Epidemiological and sleep lab data has shown that sleeping for five hours or less is not enough to be fully rested, both physiologically and neurologically, and adults who have six hours of sleep or less often use the weekends or power naps to pay off sleep debt accumulated during the working week.


These studies and tests were conducted to analyse performance with a lack of sleep and have shown with poor or lack of sleep performance and perception of performance is significantly impacted. Similar to poor or inadequate nutrition, health and performance reduce with lack of sleep, and the brain and body are unable to adapt.

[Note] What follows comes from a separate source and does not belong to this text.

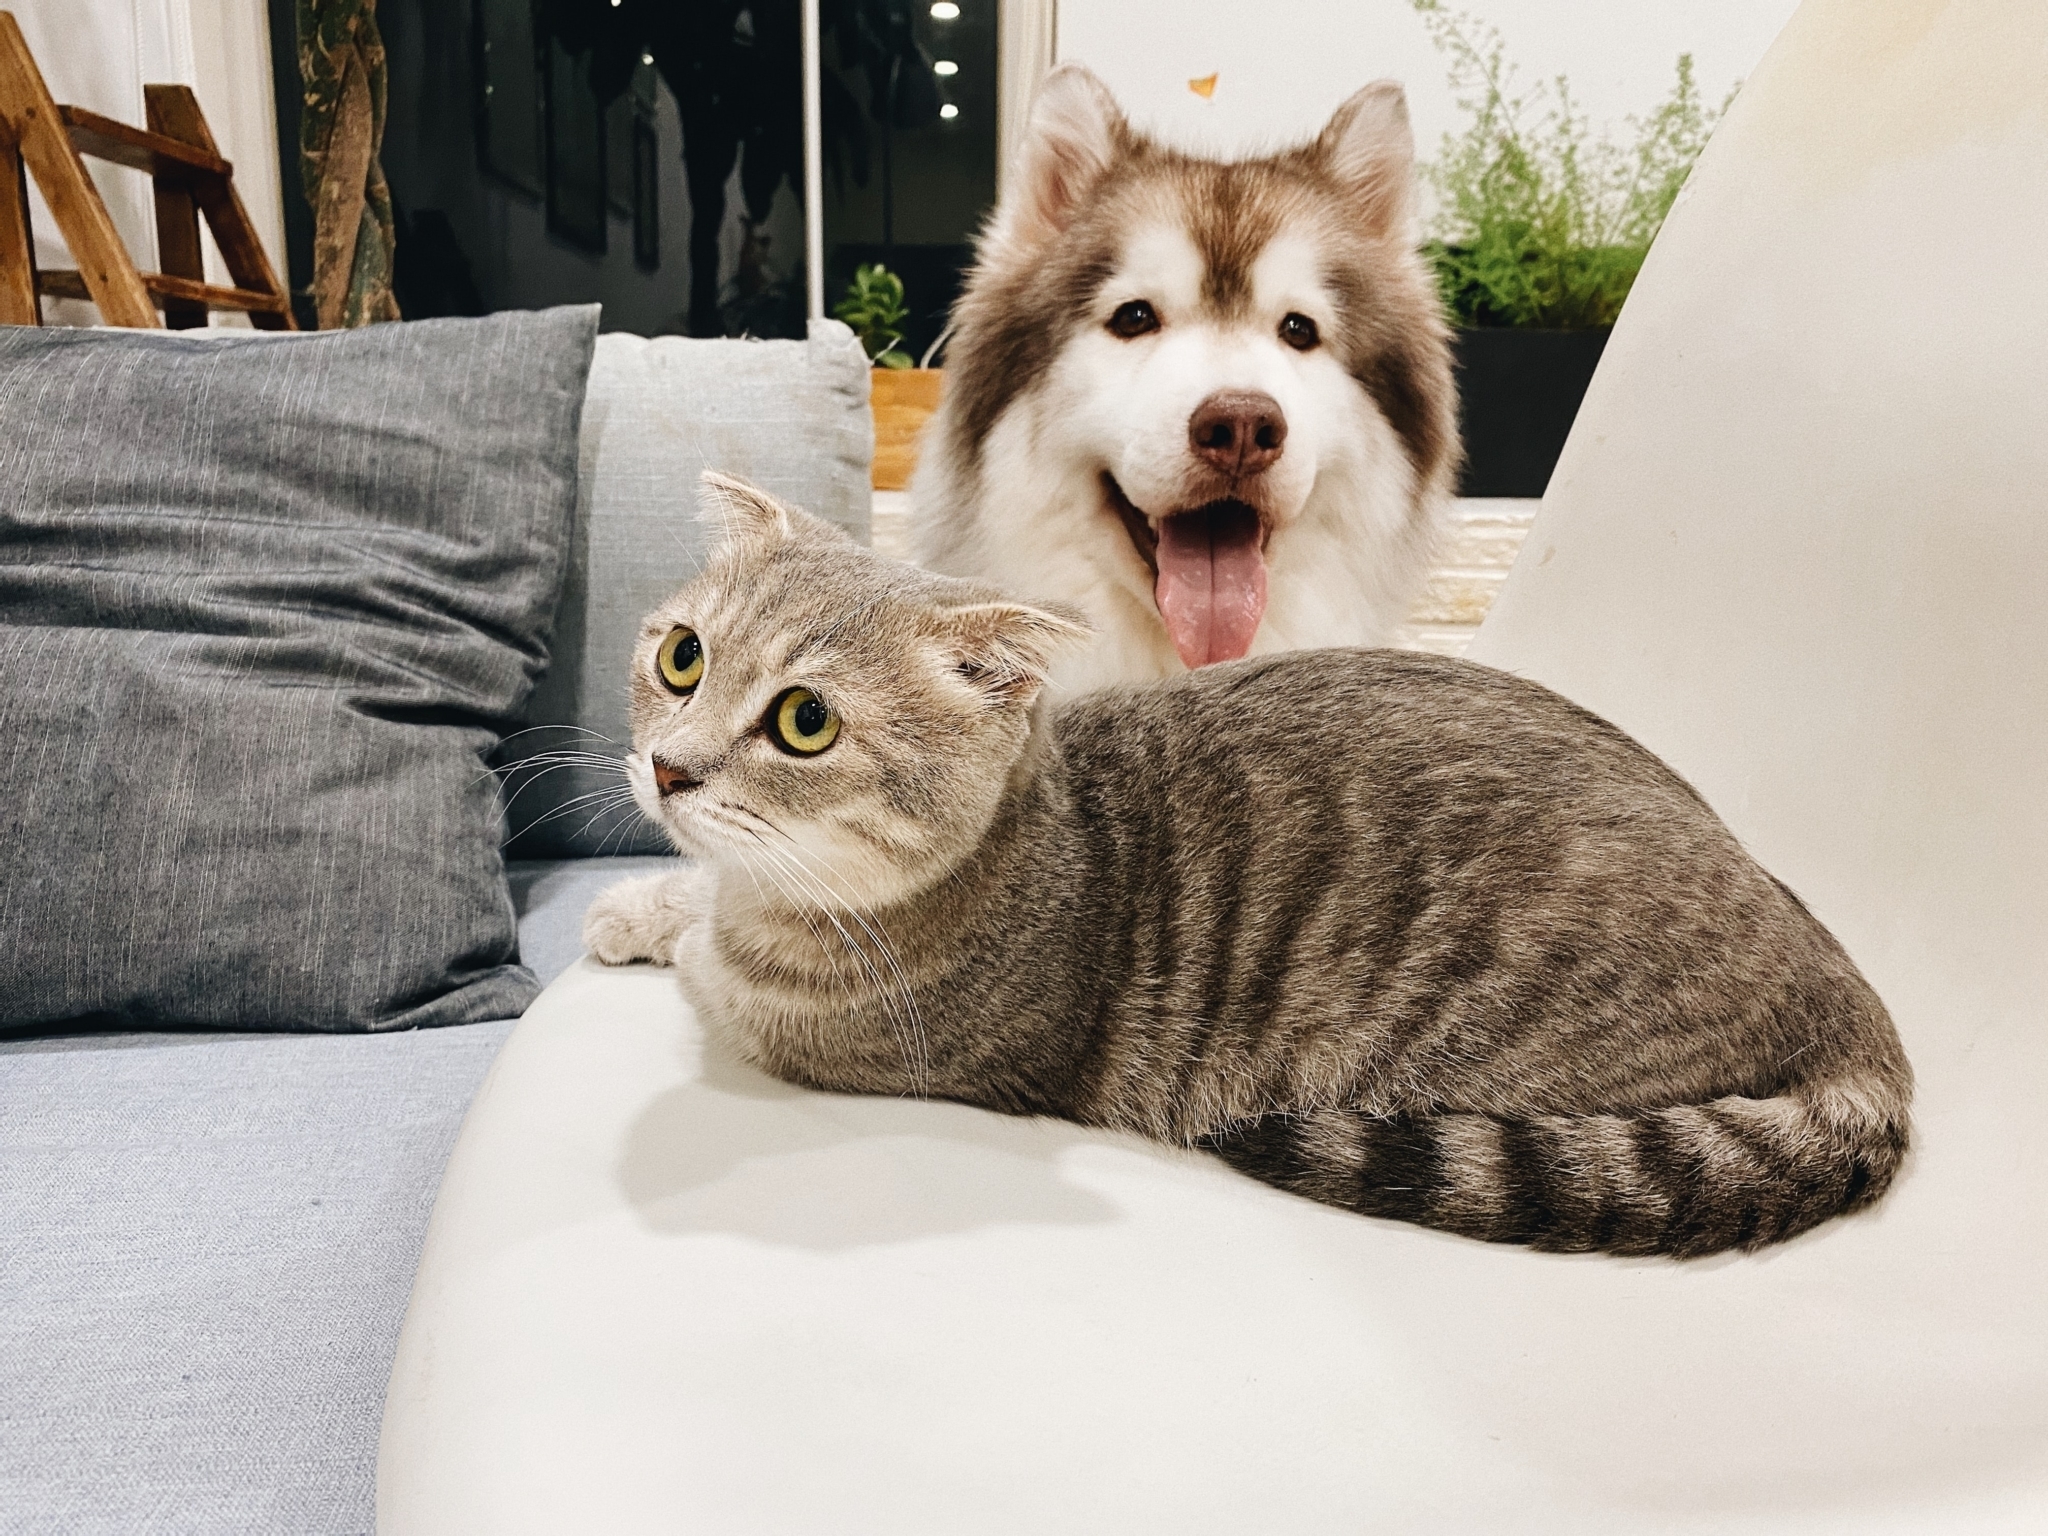 Introduce dog and cat

Our natural body clock / circadian rhythm times our sleep. Even if you wake and fall back asleep during the night or get less and less sleep you will get a second wind in the morning as our circadian rhythm kicks in and tells us to get up irrespective of how well you slept. We have come up with the ability not to abide by our circadian rhythm, but our biology just doesn’t allow us to.


Studies on nurses, firemen, night-shift workers, and those working on ships have all been found to have an increased likelihood of heart disease, tendencies of weight gain, and other dysfunctions.



Do you or your partner snore?


Snoring is an indication of a blockage in the throat, the mildest form causing vibration noises, however loud snoring especially gasps, snorts, and pauses are a sign of a common sleeping disorder called Sleep Apnoea, where the flow of air is blocked causing choking – Apnoea is Greek for ‘without breathing.’


The body’s defense is to wake up and this can occur every 30-60 seconds completely disrupting sleep.



Sleep ‘Debt’


Earlier I alluded to the fact that it is a common practice for many people to use the weekend to lie in for several hours at the weekend to catch up with sleep, paying off your sleep debt as you didn’t get enough sleep during the working week.


Sleep sends a cue to our circadian rhythm that we are trying to change times zones and by extending sleep for more than an hour, although you may feel better initially, the following night sleep will be disrupted.


Referred to as ‘social jetlag’ the body attempts to adapt but your physiology will not allow it, it would be like waking up in Dubai time but living in London.


The best way to pay sleep debt is through afternoon naps as these do not disrupt your circadian rhythm. Keep your naps to no longer than an hour, and you should wake up feeling rested.



Fixing your sleep


Here are strategies that I provide for all of my clients. Take some time to

work through each one. `I suggest starting with two, and every week applying the next one.


1. If you struggle to relax and go to sleep, use magnesium glycinate.

Magnesium glycinate is a relaxant, it will help you relax, your muscles, and will help

you sleep. I use Nutridyn as my preferred choice -

2. Avoid coffee and other stimulants after 2 pm.

3. Avoid alcohol – alcohol suppresses REM sleep and disrupts our circadian rhythm

4. Avoid eating and drinking 90 minutes before bed

5. Set a bedtime and wake-up routine, go to bed at the same time every night and get

up at the same time. 6-8hrs sleep during the summer and 7-9hrs sleep in the winter.

6. Fit black-out blinds in your room, your bedroom should be like a cave.

7. Sleep in a cool room to reduce cortisol – if the room temperature is too high it

causes fragmented sleep – better still sleep naked!

8. Remove or turn off all electronic devices in the bedroom

9. Take a warm bath half an hour before bed (add 500 grams of Epsom salts into your

bath, the salts/nutrients will absorb through the skin and help with relaxation).

10. Fill in a grateful log. Before you go to bed, acknowledge 5 great things that

you’ve either had done to you or you’ve done for someone else.

11. Counting and breathing in for four sec, hold for four sec, out for four sec, hold for four

sec – this will put you into a parasympathetic state, or rest and digest state


By addressing and fixing your poor sleep patterns, you will see body fat come down. Not only that but your mood will improve, energy levels will increase, and you will see an increase in performance in your day-to-day activities at work and in the gym.


Addressing your sleep in my opinion is a priority foremost to improve your health, but to achieve amazing fast and weight loss results.